Now, if $\mu (X) = \infty$ , this may not be true.

Counterexample:

Define $f_n(x)= \left \{ \begin {array} {cc} \frac {1}{x} & \mbox { if }<br /> 1 \leq x < n \\ 0 & \mbox { if } x \geq n \end {array} \right .$

And define $f(x)= \left \{ \begin {array} {cc} \frac {1}{x} & \mbox { if }<br /> 1 \leq x \\ 0 & \mbox { if } x \leq 1 \end {array} \right .$

And $f_n \rightarrow f$ uniformly, but $f_n$ is integrable for all n while f is not.

Question:

Q1: Why is $f_n \rightarrow f$ uniformly? The book just claim it is, but I'm trying to prove it using the defintion of $\forall \epsilon > 0 \exists N \in \mathbb {N}$ such that $\mid f_n-f \mid < \epsilon$

Q2: I understand why f is not integrable since it goes to infinity, but are $f_n$ integrable?
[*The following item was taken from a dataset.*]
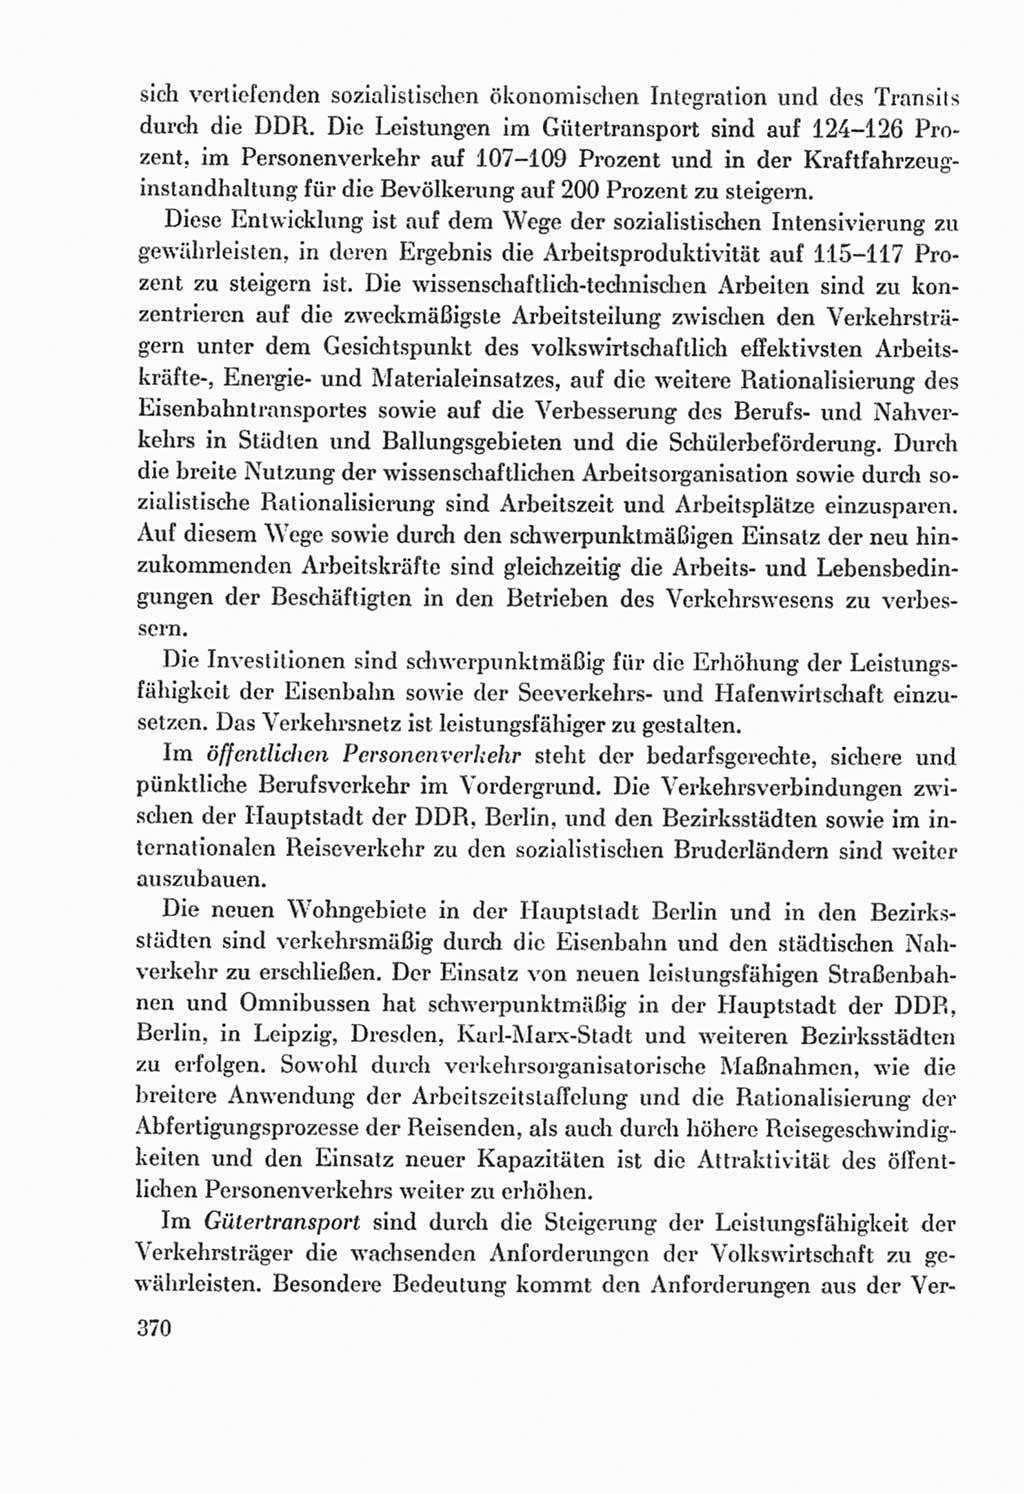 Protokoll der Verhandlungen des Ⅸ. Parteitages der Sozialistischen Einheitspartei Deutschlands (SED) [Deutsche Demokratische Republik (DDR)] 1976, Band 2, Seite 370 (Prot. Verh. Ⅸ. PT SED DDR 1976, Bd. 2, S. 370)

Is it because $\int f_n = \int _1^n \frac {1}{x}$ is finite?

Thank you!

**Jose27** · November 24th 2009, 11:04 AM

1) I assume your domain is $\mathbb{R}$ notice that to evaluate $\vert f_n(x)-f(x) \vert$ we need three cases:

-) If $x< 1$ then $f_n(x)=f(x)=0$
-) If $1\leq x \leq n$ then $f_n(x)=f(x)=\frac{1}{x}$
-) If $n<x$ then $\frac{1}{x}$ $\leq \frac{1}{n}$ and $\vert f_n(x) -f(x) \vert = \frac{1}{x} < \epsilon$ for $n$ big enough.

2) Notice that $f_n$ are Riemann integrable.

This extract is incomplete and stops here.